**EXERCISE AIM:** With the images removed, repeat the data below exactly.

**PROVIDED MATERIAL:**

##########

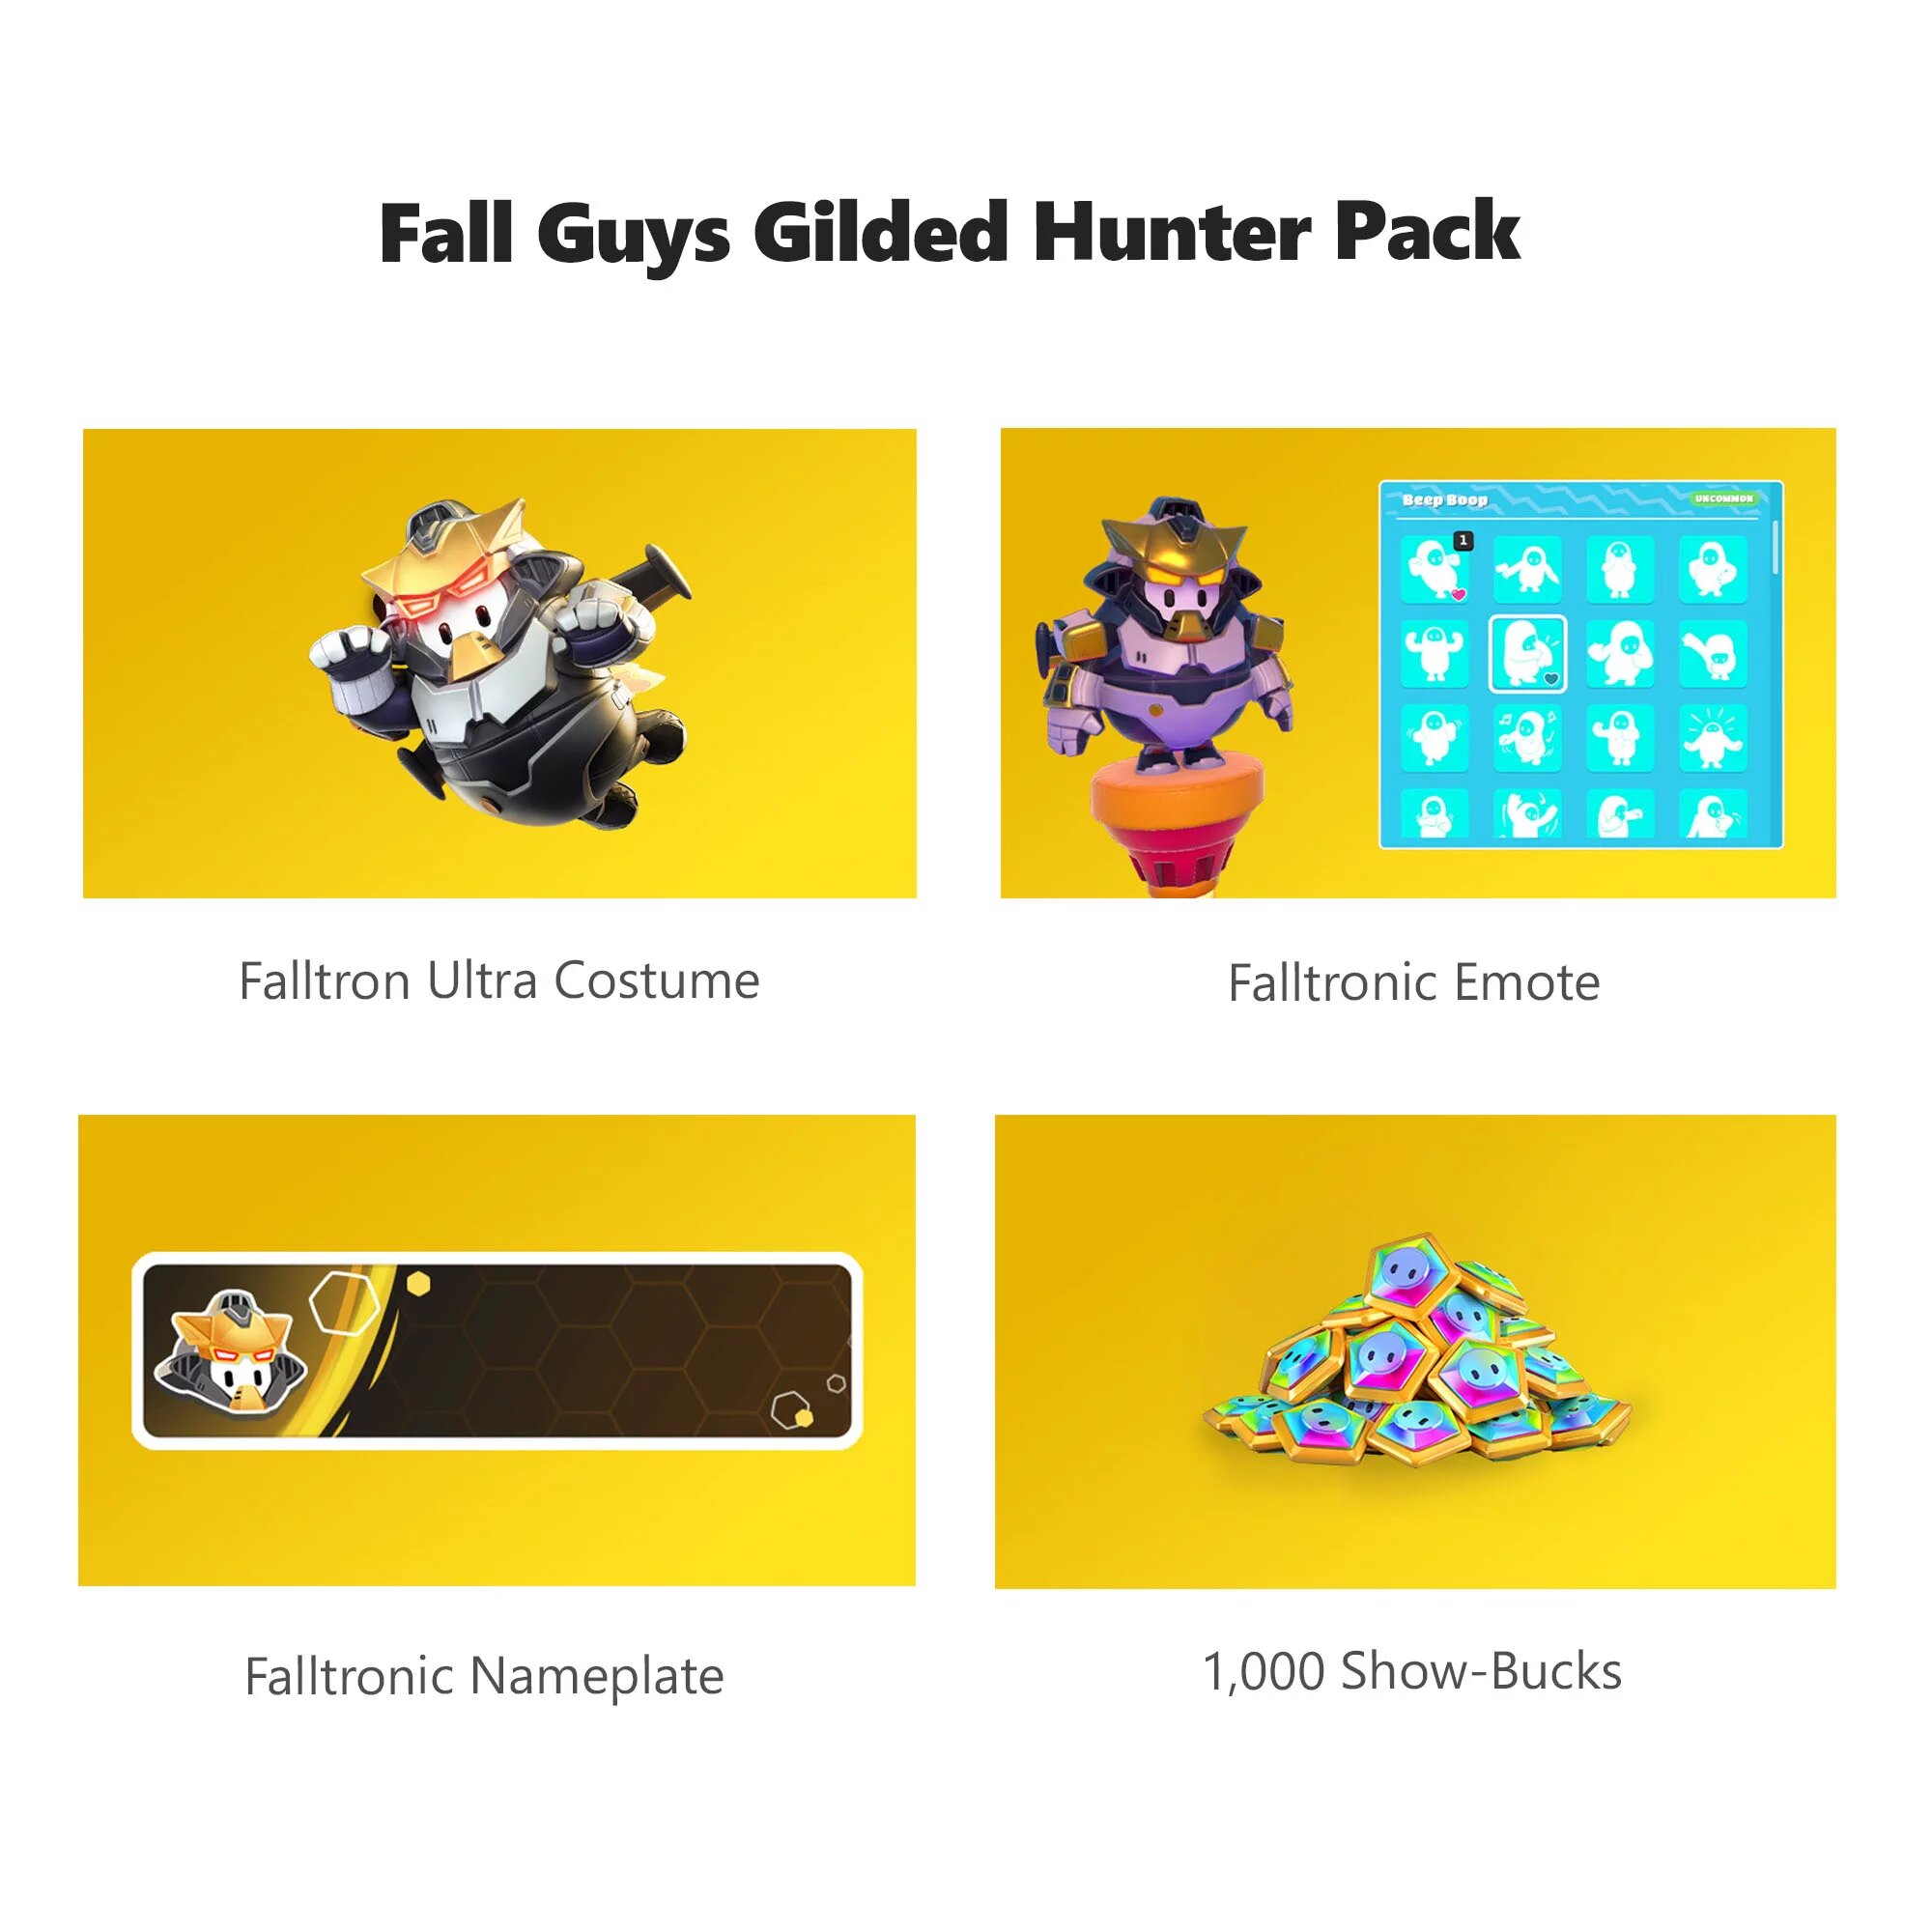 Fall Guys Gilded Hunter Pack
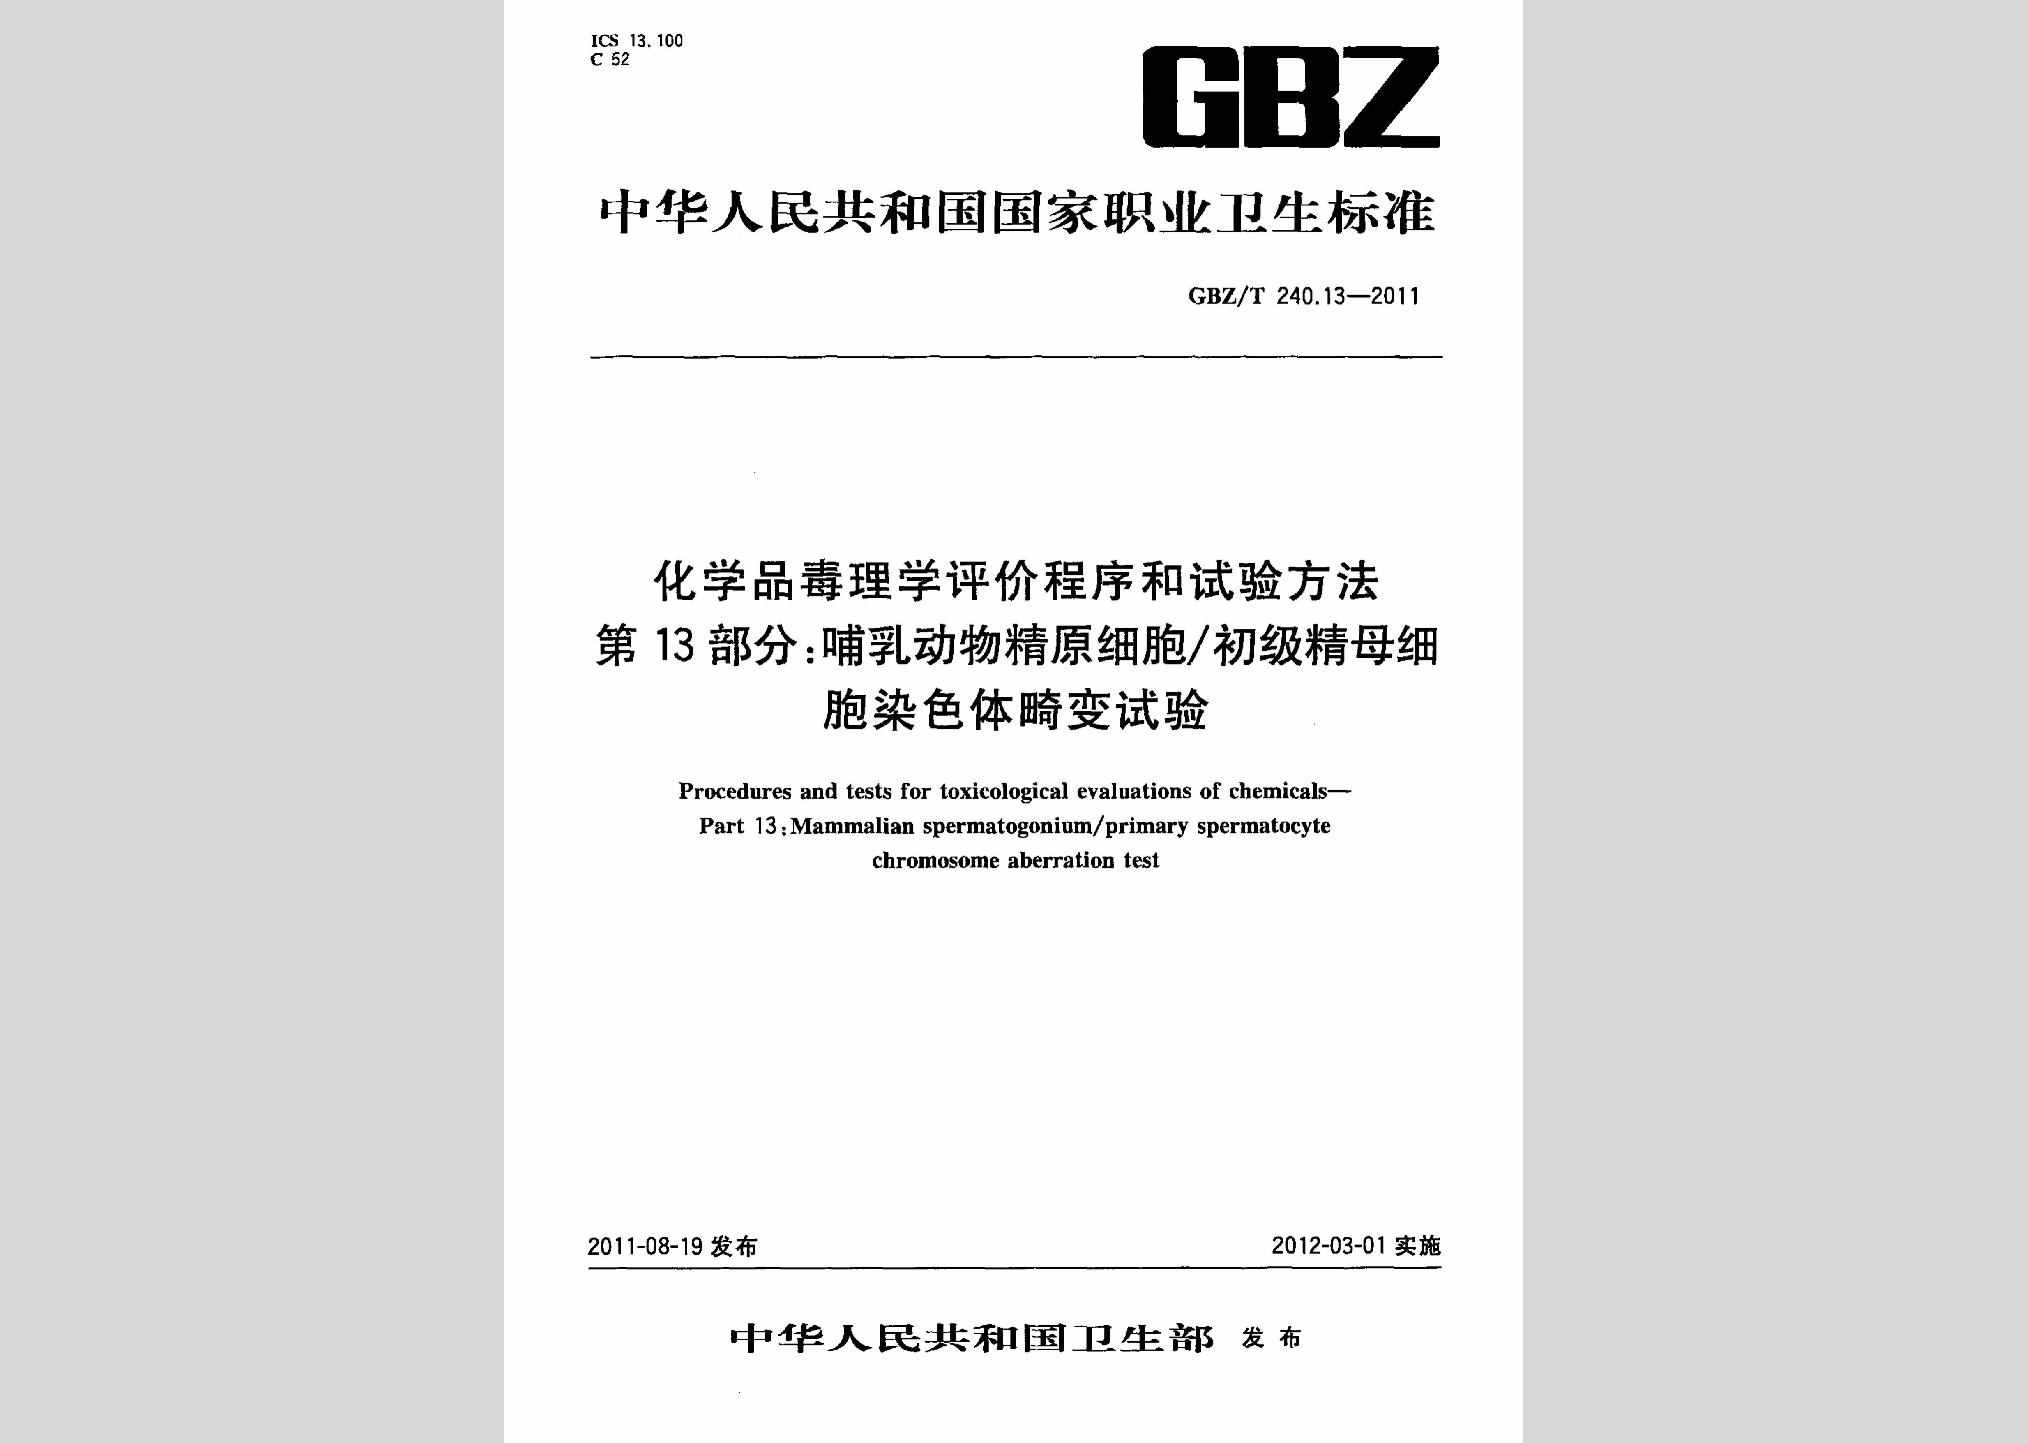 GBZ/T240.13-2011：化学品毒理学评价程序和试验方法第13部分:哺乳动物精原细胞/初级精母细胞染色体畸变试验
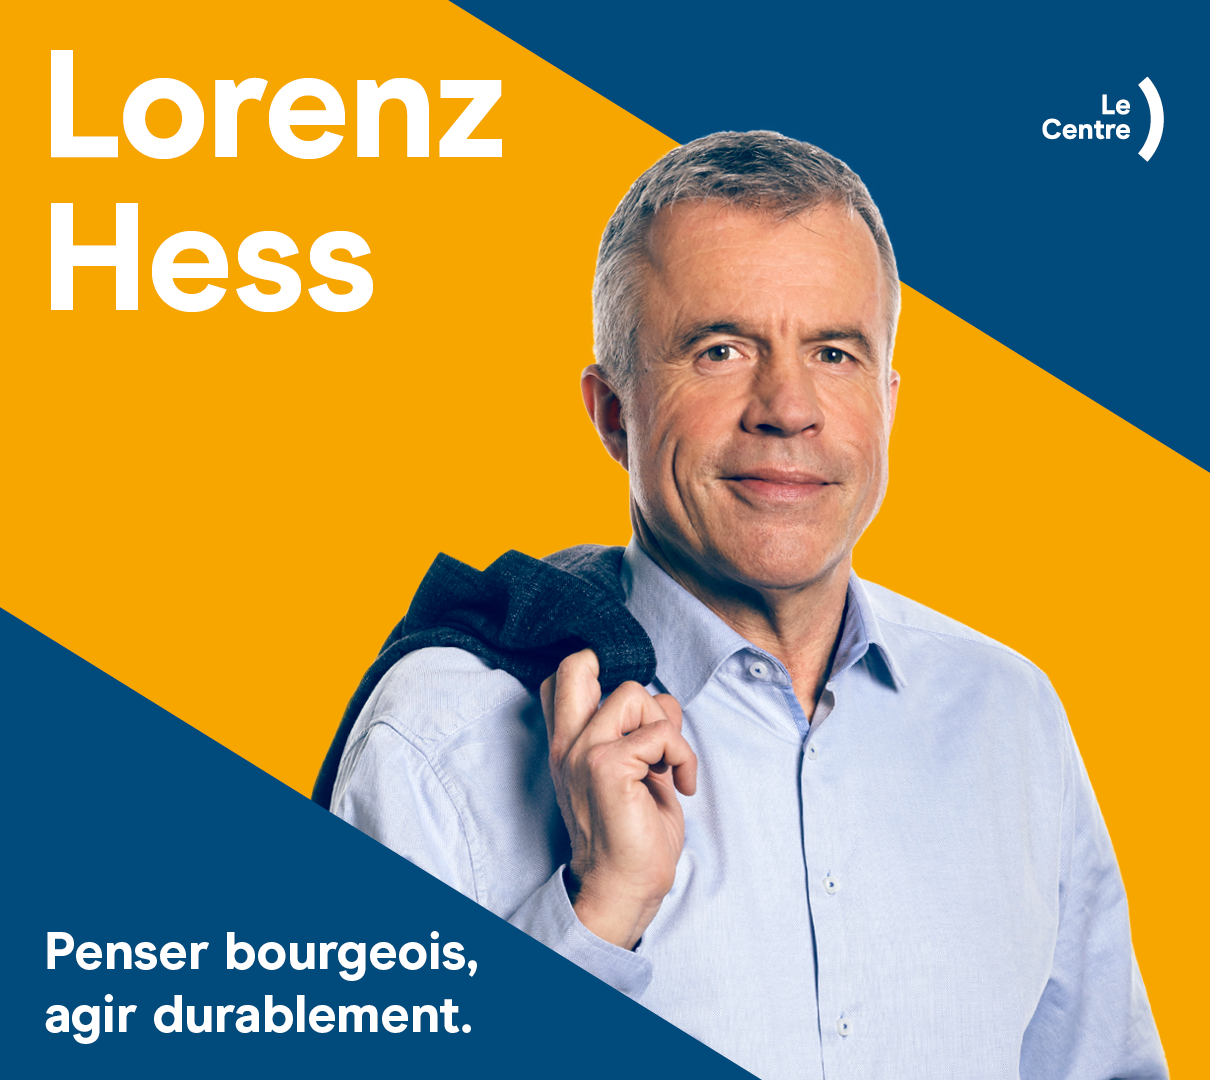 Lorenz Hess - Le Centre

##########

**EXERCISE RESULT:**
 Fall Guys Gilded Hunter Pack
 GBZ/T240.13-2011：化学品毒理学评价程序和试验方法第13部分:哺乳动物精原细胞/初级精母细胞染色体畸变试验
 Lorenz Hess - Le Centre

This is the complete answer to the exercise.